There was great fun between both sets of supporters too and the Dutch showed their class by standing to applaud Conor Harte who was forced off through injury.

The train ride back to Central was really interesting because I got talking to two local people named Luna and Thomas.

They were really positive about the Games in their city, especially Luna, but they told me a bit about the impact it’s had on their lives.

Luna is studying to become a lawyer but she hasn’t had college in seven months because her lecturers are on strike over pay.

There’s no money to resolve the issue because it’s all been pumped into the Olympics so everyone is in limbo at the moment. A sad side-effect of the circus.

There was a real buzz among the Irish gang in Rio about day three because the team flag-bearer Paddy Barnes was making his first appearance of the competition.

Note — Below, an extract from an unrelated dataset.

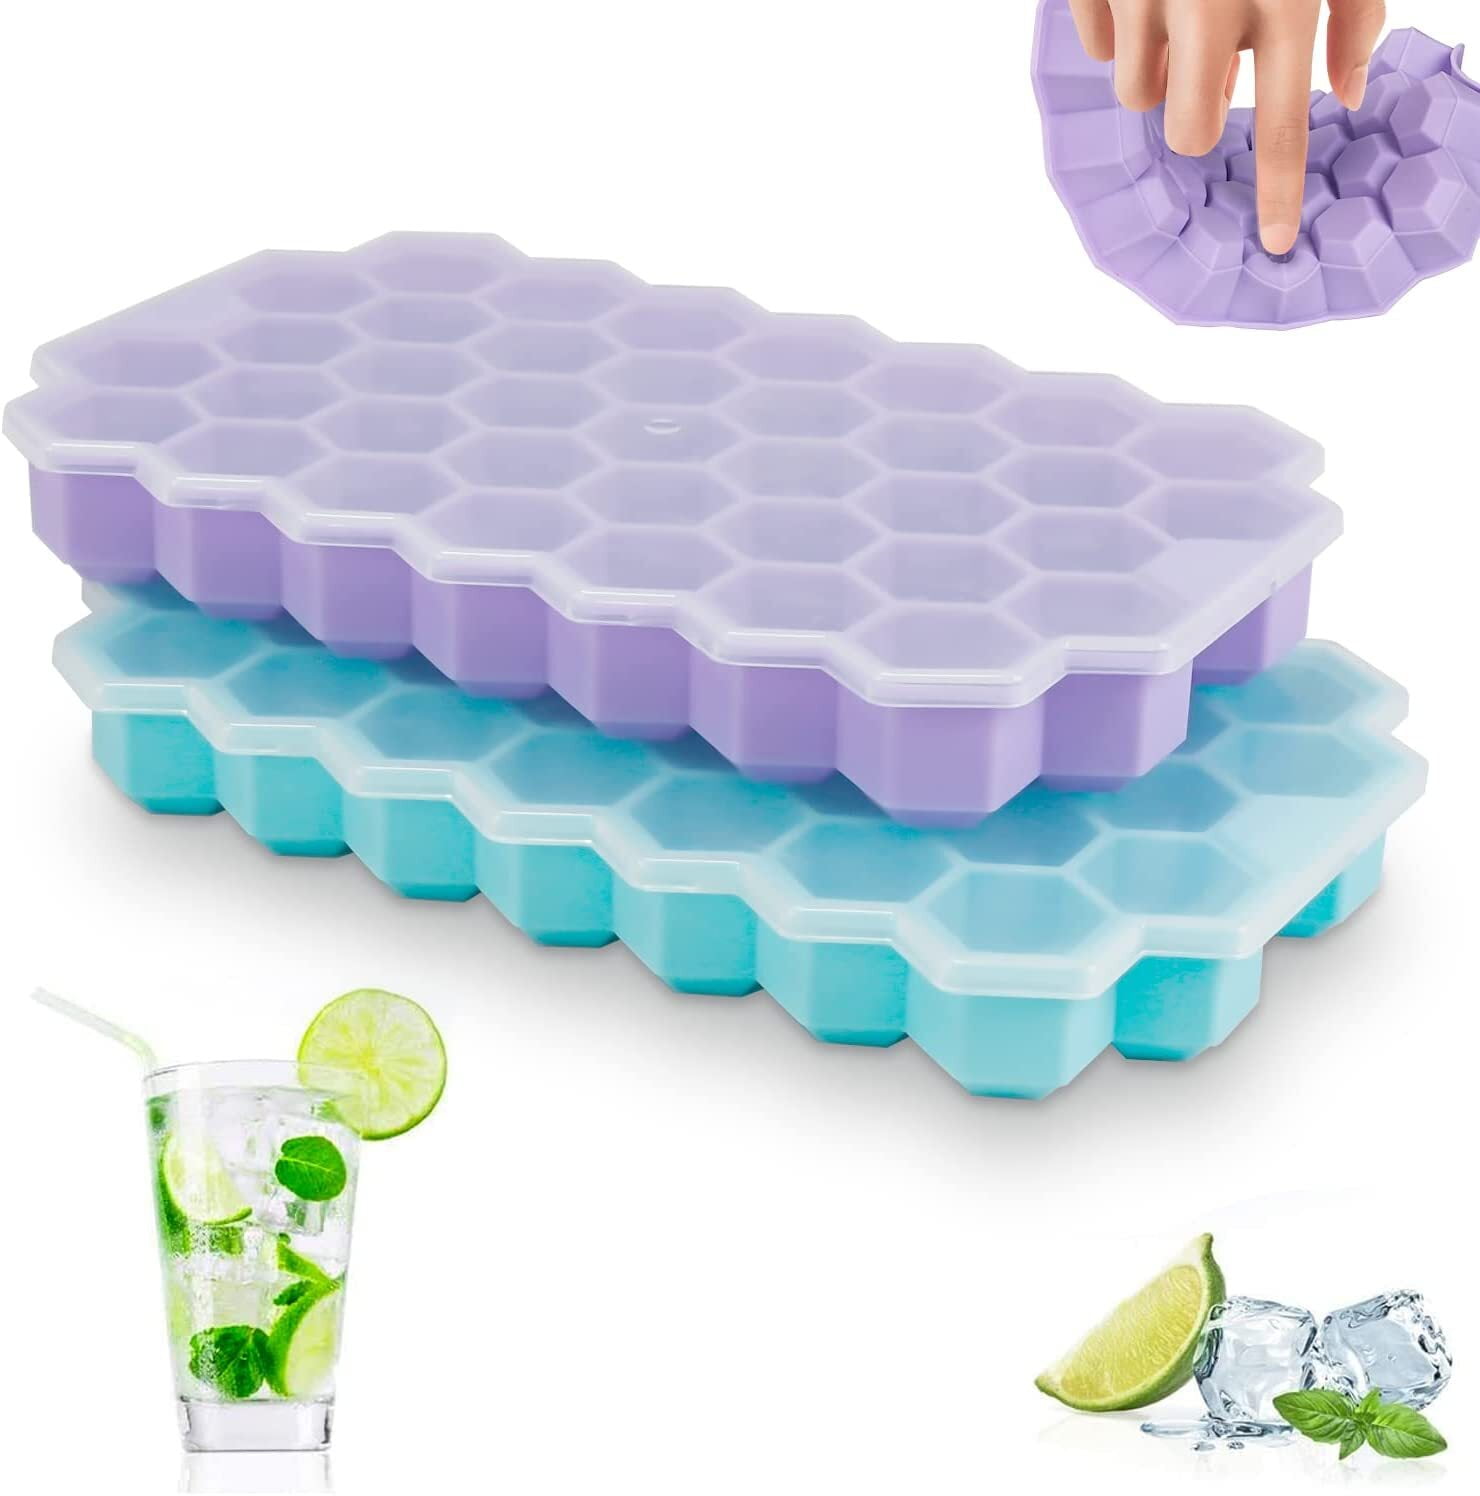 8 Cube Silicone Ice Cube Tray - Makes 8 Large 2 in. x 2 in. Cubes for  Beverages - BPA Free 798411CBU - The Home Depot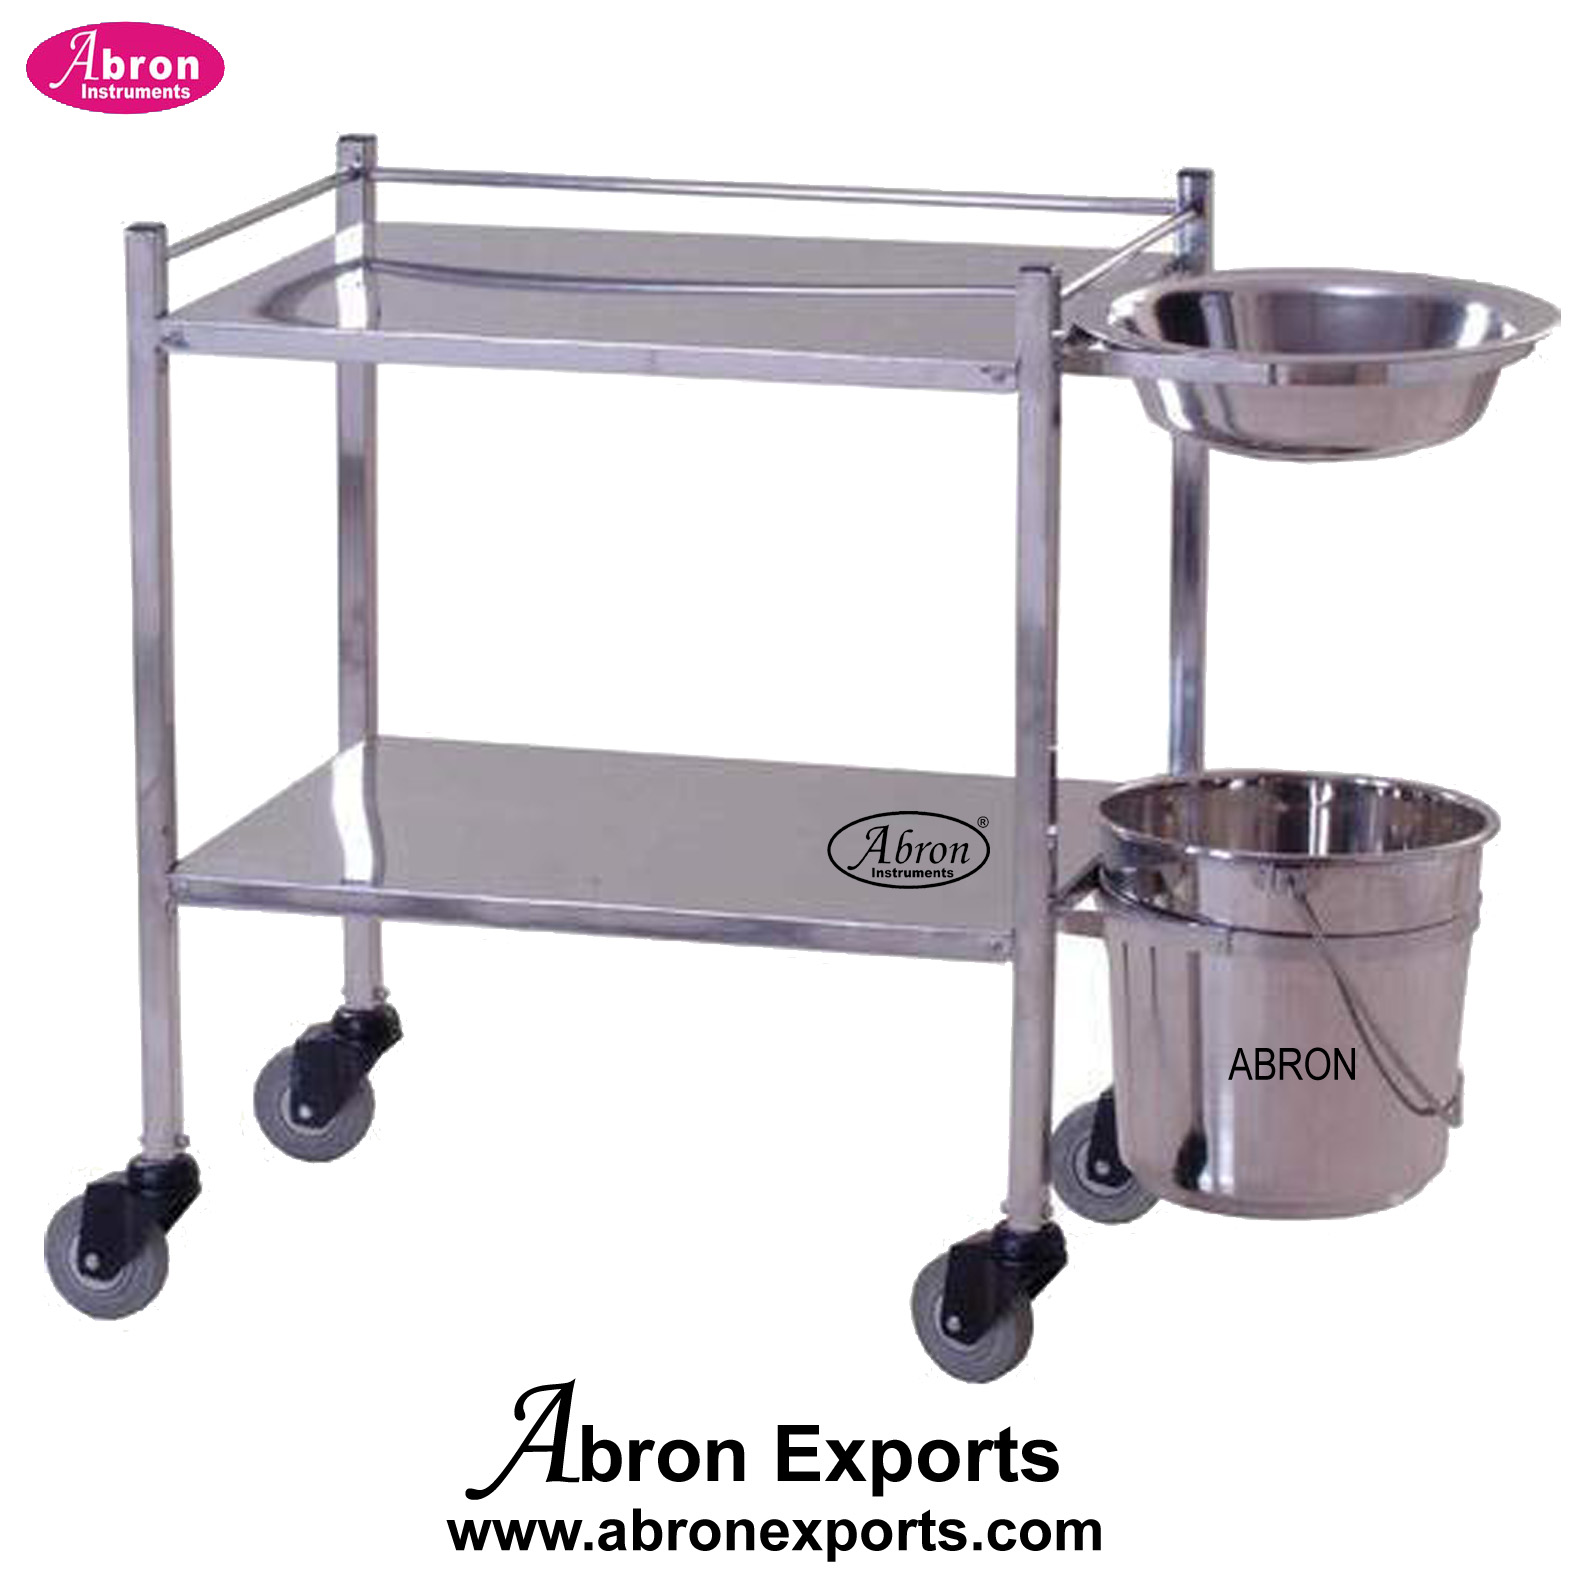 Dressing Trolley With Bucket Bowl 4 wheels SS Stainless Steel with Hospital Medical Nursing Room Abron ABM-2267TD23

His teammates Steven Donnelly and David Oliver Joyce progressed over the weekend and Barnes was expected to follow but it went wrong for the three-time Olympian.

A difficult weight-cut meant he wasn’t able to perform at 100% and he lost on a split-decision to his Spanish opponent.

I was shocked and so were these Irish fans I spoke to after the fight in Rio (tap here to see the video).

To everyone’s surprise, Barnes appeared from the arena about an hour after the fight had finished. He took photos with the fans and talked to them for ages.

A classy touch.

I decided to go back out to the Equestrian Arena in Deodoro on day four to follow up on the Irish team who were 9th going into the final event, show jumping.

They put in an excellent performance with Clare Abbott and Jonty Evans recording clear rounds and Mark Kyle picking up three fault in his, they finished 9th overall but Jonty reached the Individual Final.

I’d spent some time with Jonty’s family on the day of the dressage and at the show jumping so I was even more invested in his performance than before.

He was 12th to compete out of 25 and he recorded another stunning clear round to take the lead in the competition.

I managed to capture him clearing the last jump, a real magical moment for him and his family.

The scores from the previous two days action were added to his two clear rounds and at the end of the action Jonty finished in 9th position.

A top 10 finish in an Olympic final, that’s a great achievement.

He was delighted with the performance when I spoke to him outside the arena in Rio [tap play to watch video].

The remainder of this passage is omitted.